*RECORDS TO USE*
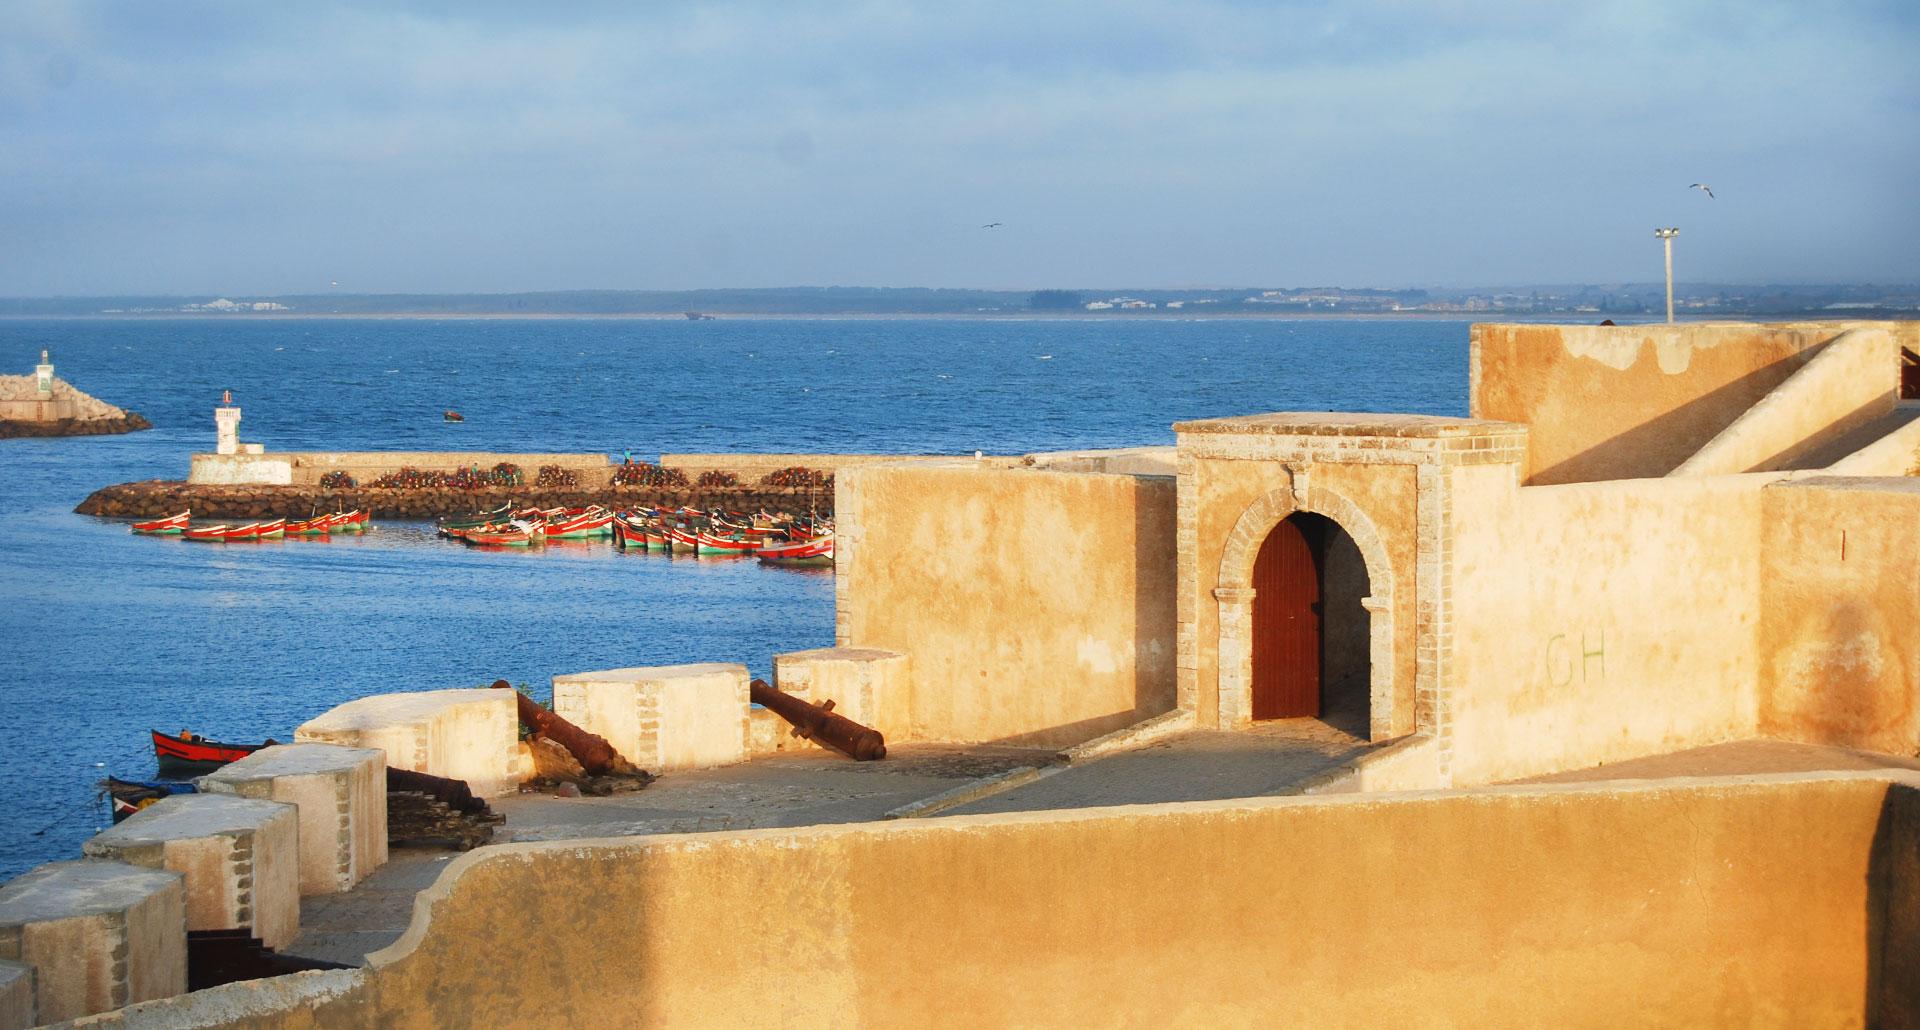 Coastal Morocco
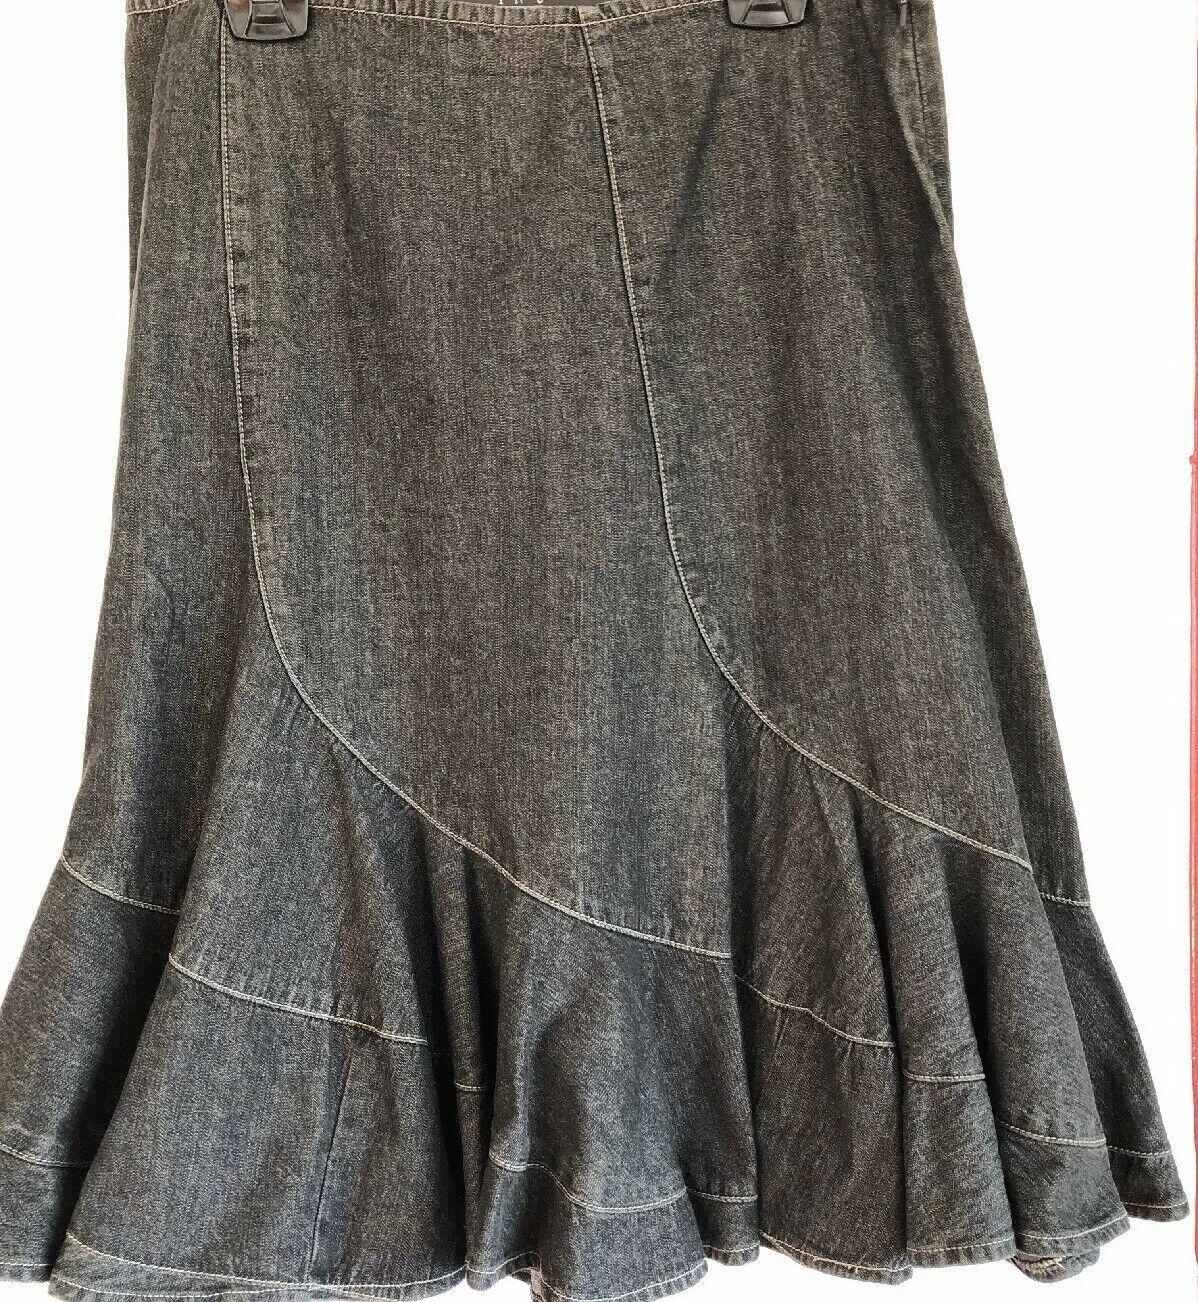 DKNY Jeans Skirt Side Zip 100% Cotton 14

...

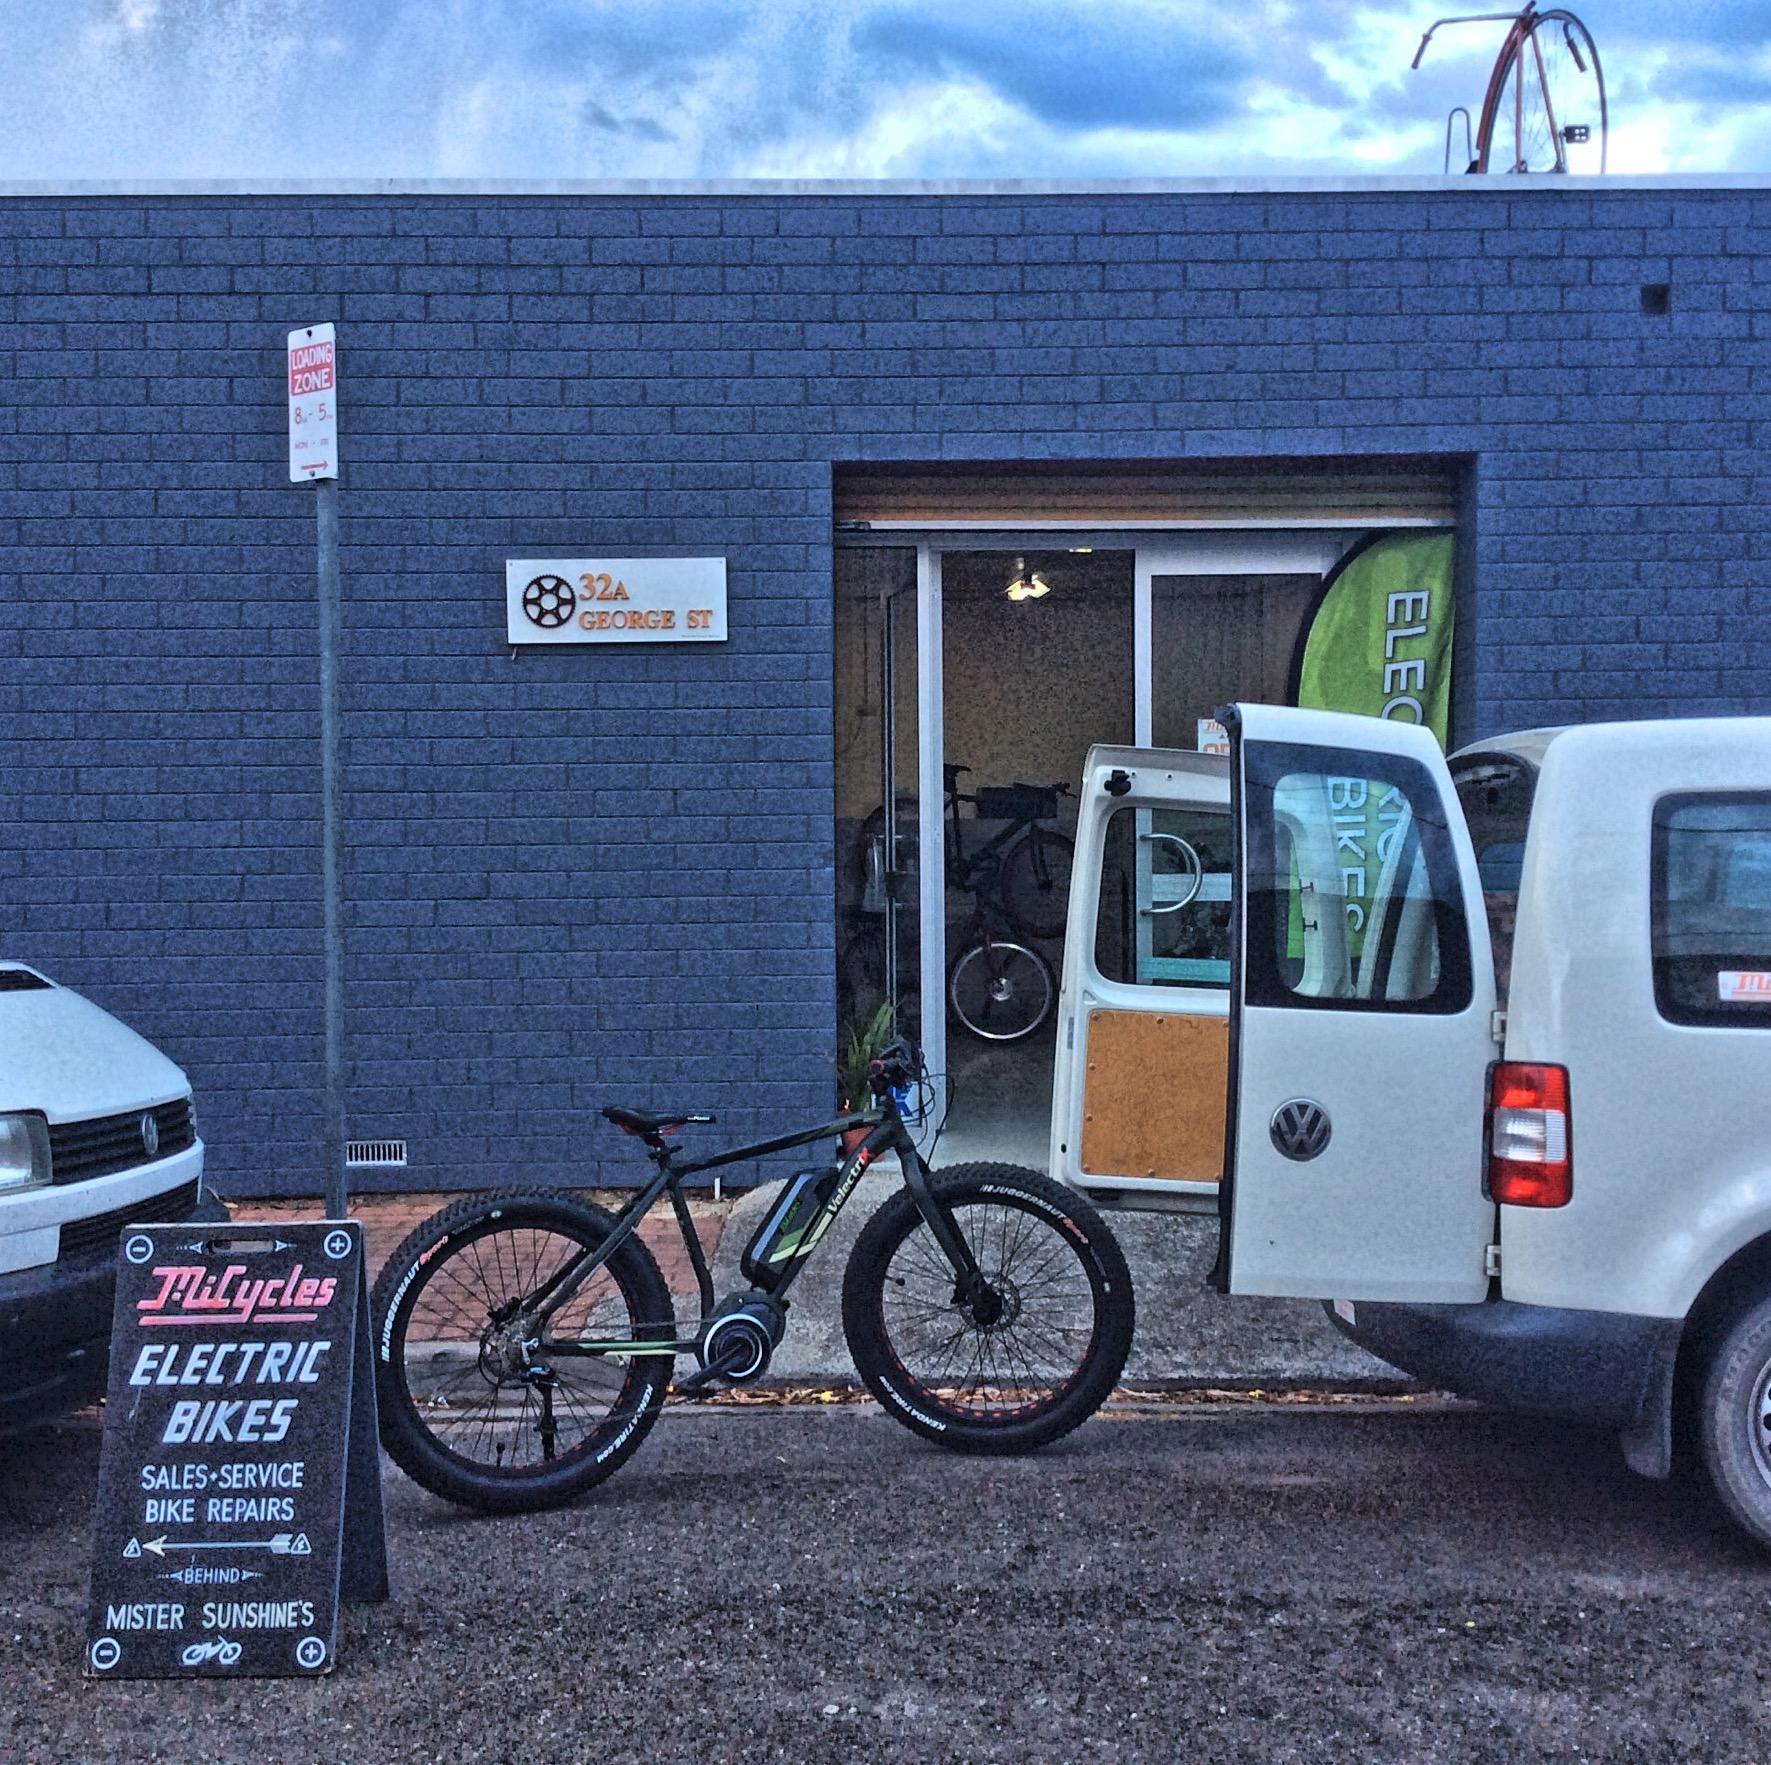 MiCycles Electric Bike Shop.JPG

*TASK REQUIREMENTS*
Lines from the one above containing "Coastal Morocco" down to the one containing "DKNY Jeans Skirt Side Zip 100% Cotton 14" should be transcribed exactly, with both ends kept and no pictures.

*RESPONSE*
 Coastal Morocco
 DKNY Jeans Skirt Side Zip 100% Cotton 14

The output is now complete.